Consider the wave operator

[tex] \Box^2 = \frac{\partial^2}{\partial t^2} - \frac{\partial^2}{\partial x^2}[/tex]

Write Green's forumula for an arbitrary domain [itex] \Omega [/itex] with boundary [itex] \Gamma [/itex]

## Homework Equations

define a vector q, where

[tex] q \cdot e_t = n \cdot e_t [/tex]

[tex] q \cdot e_x = -n \cdot e_x [/tex]

where e_x, e_t are unit vectors in x, t dimensions, n is the normal.

Show Green's formula takes the form

[tex] \int_\Omega (v\Box^2u - u\Box^2 v)dx dt = \int_\Gamma \left( v\frac{\partial u}{\partial q} -u\frac{\partial u}{\partial q} \right)dl[/tex]

where dl is an element of arclength along the bounding curve [itex] \Gamma [/itex]

(u and v are arbitrary functions in R1)

## The Attempt at a Solution

I'm starting with Green's formula for an arbitrary linear operator:

[tex] \int_\Omega (vLu - L^*v) = \int_\Gamma div(J(u,v)) [/tex]

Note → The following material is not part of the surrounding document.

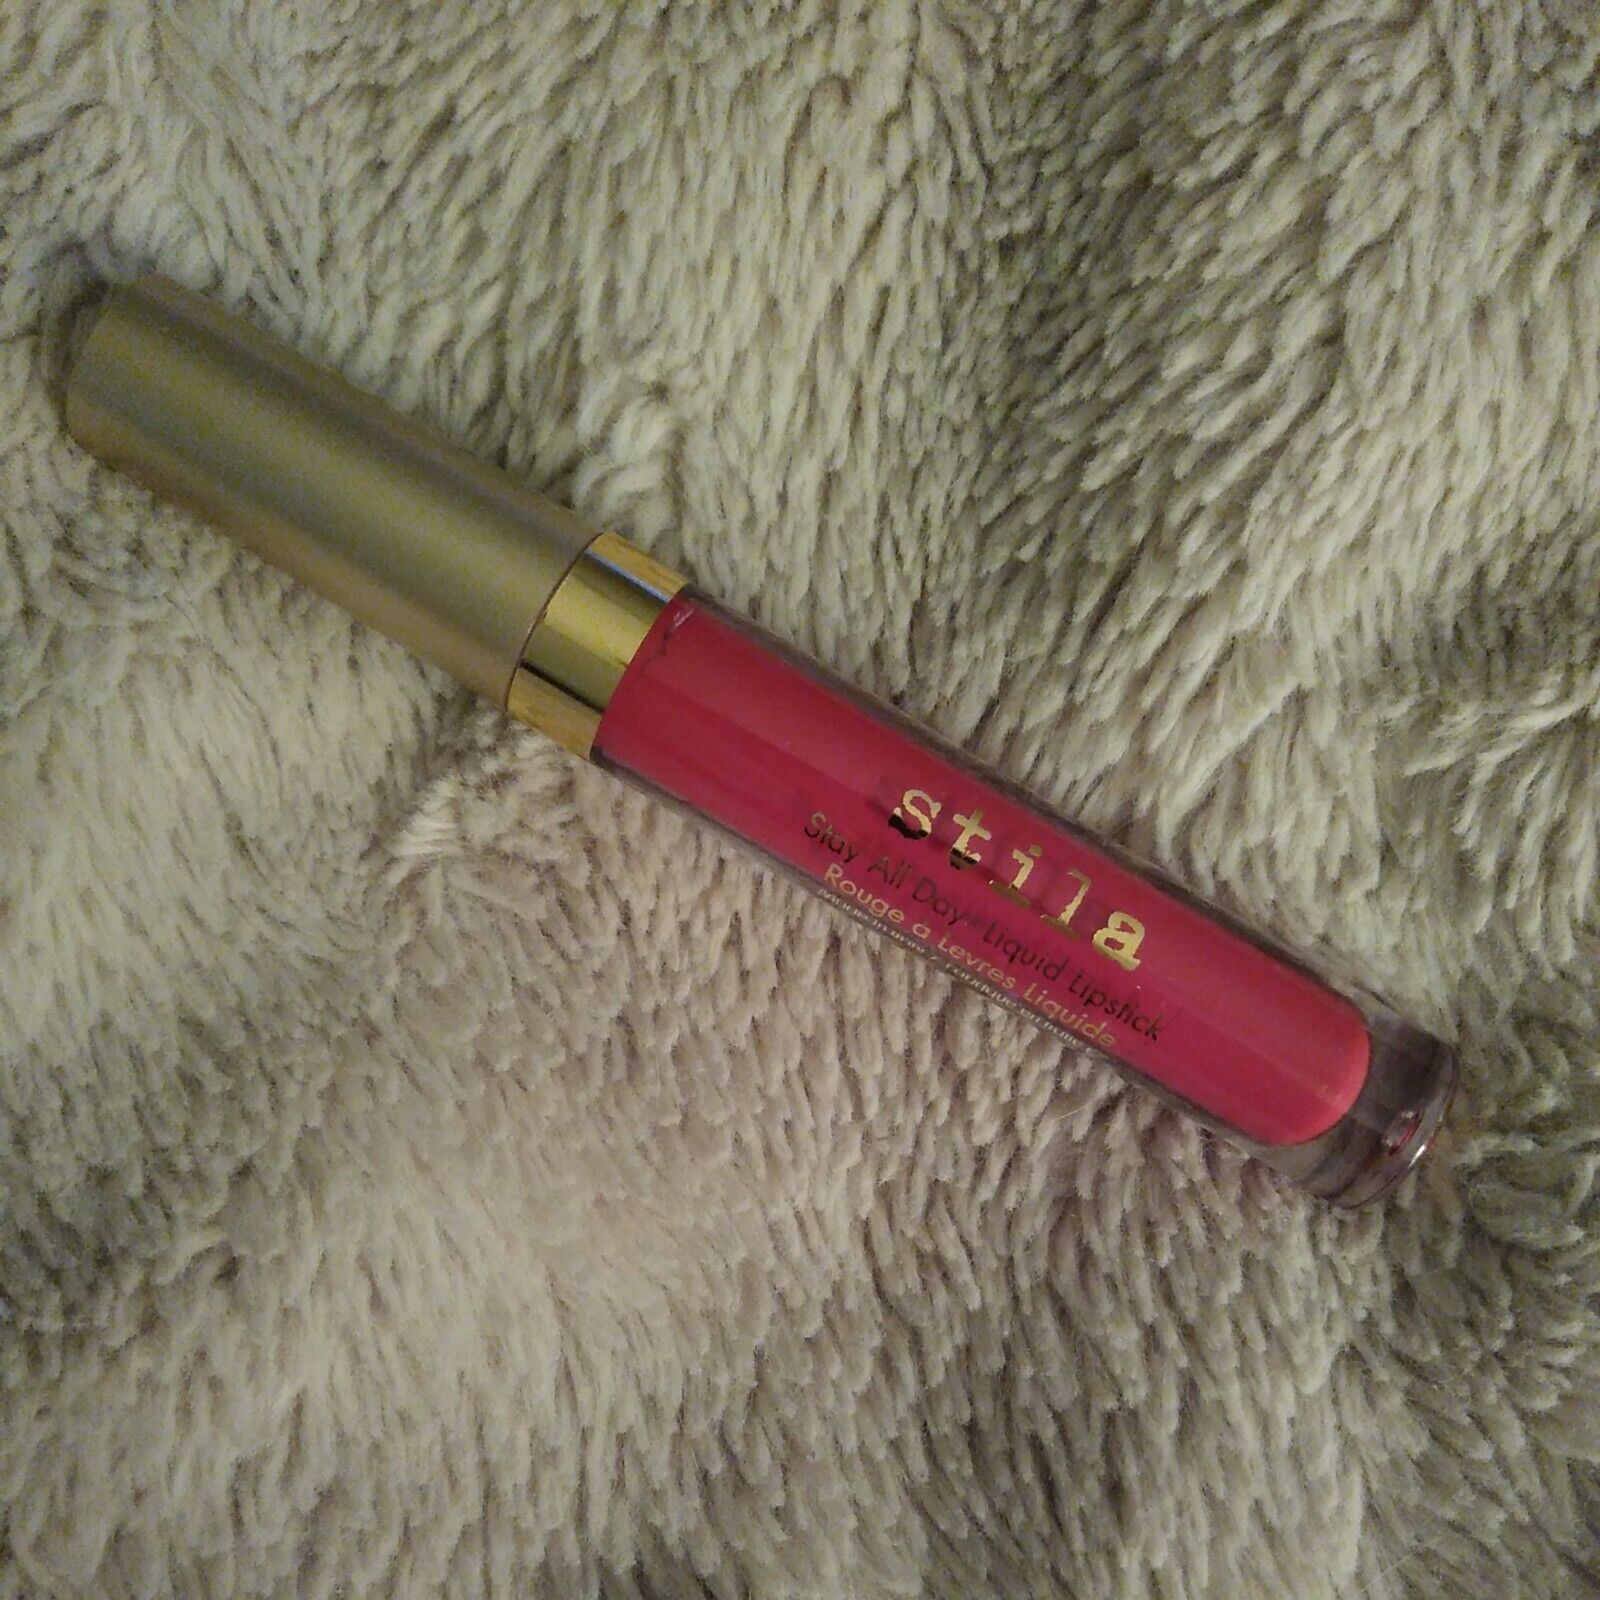 Stila Stay All Day Liquid Lipstick Beso - Full size & Fast Shipping - L@@K!!!!
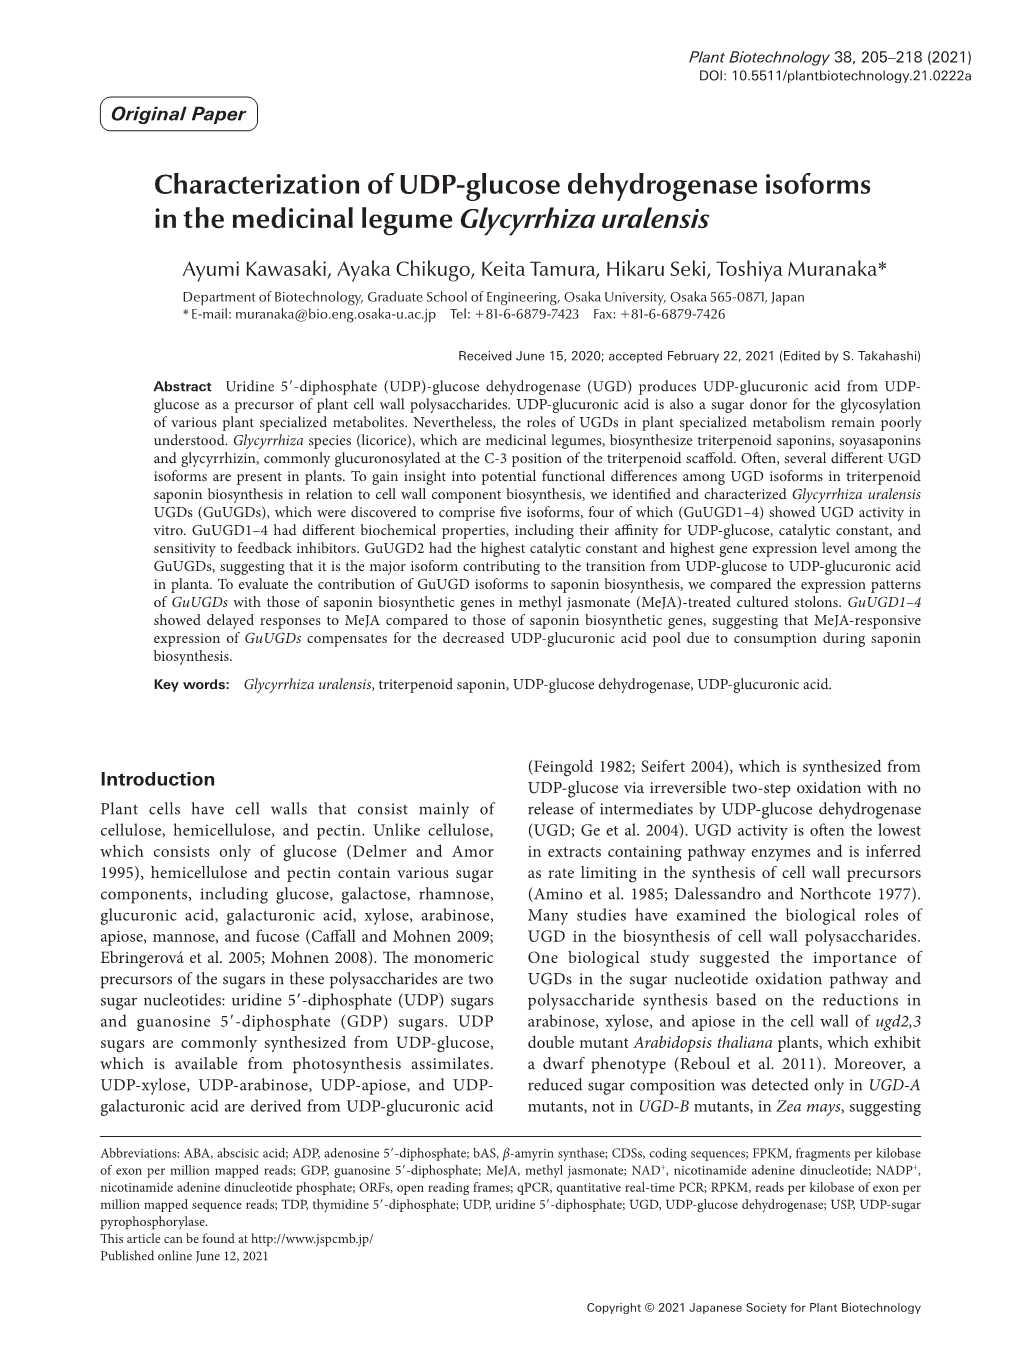 Characterization of UDP-Glucose Dehydrogenase Isoforms in the Medicinal Legume Glycyrrhiza Uralensis

Where L is an ODE operator, and J is the conjunct of u and v. For the operator above, this takes the form of

[tex] \int_\Omega (vLu - L*v) = \int_\Gamma div \left[e_t \left( v\frac{\partial u}{\partial t} -u\frac{\partial u}{\partial t}\right) + u grad_x v - v grad_x u \right][/tex]

Where grad_x is the gradient along x. Now, the div operator should give us the same a the dot product of the normal to the line space:

[tex] = \int_\Gamma n\cdot\left[e_t \left( v\frac{\partial u}{\partial t} -u\frac{\partial u}{\partial t}\right) + u grad_x v - v grad_x u\right] [/tex]

I believe that [itex] n \cdot grad_x = \frac{\partial}{\partial n}[/itex]. So, substituting the form of q above, I have

[tex] = \int_\Gamma \left( q\cdot e_t \left( v\frac{\partial u}{\partial t} -u\frac{\partial u}{\partial t}\right) + \left(v\frac{\partial u}{\partial q} - u\frac{\partial u}{\partial q}\right)\right) [/tex]

I'm almost there, I'm just not sure how [itex] \left( q\cdot e_t \left( v\frac{\partial u}{\partial t} -u\frac{\partial u}{\partial t}\right) [/itex] disappears.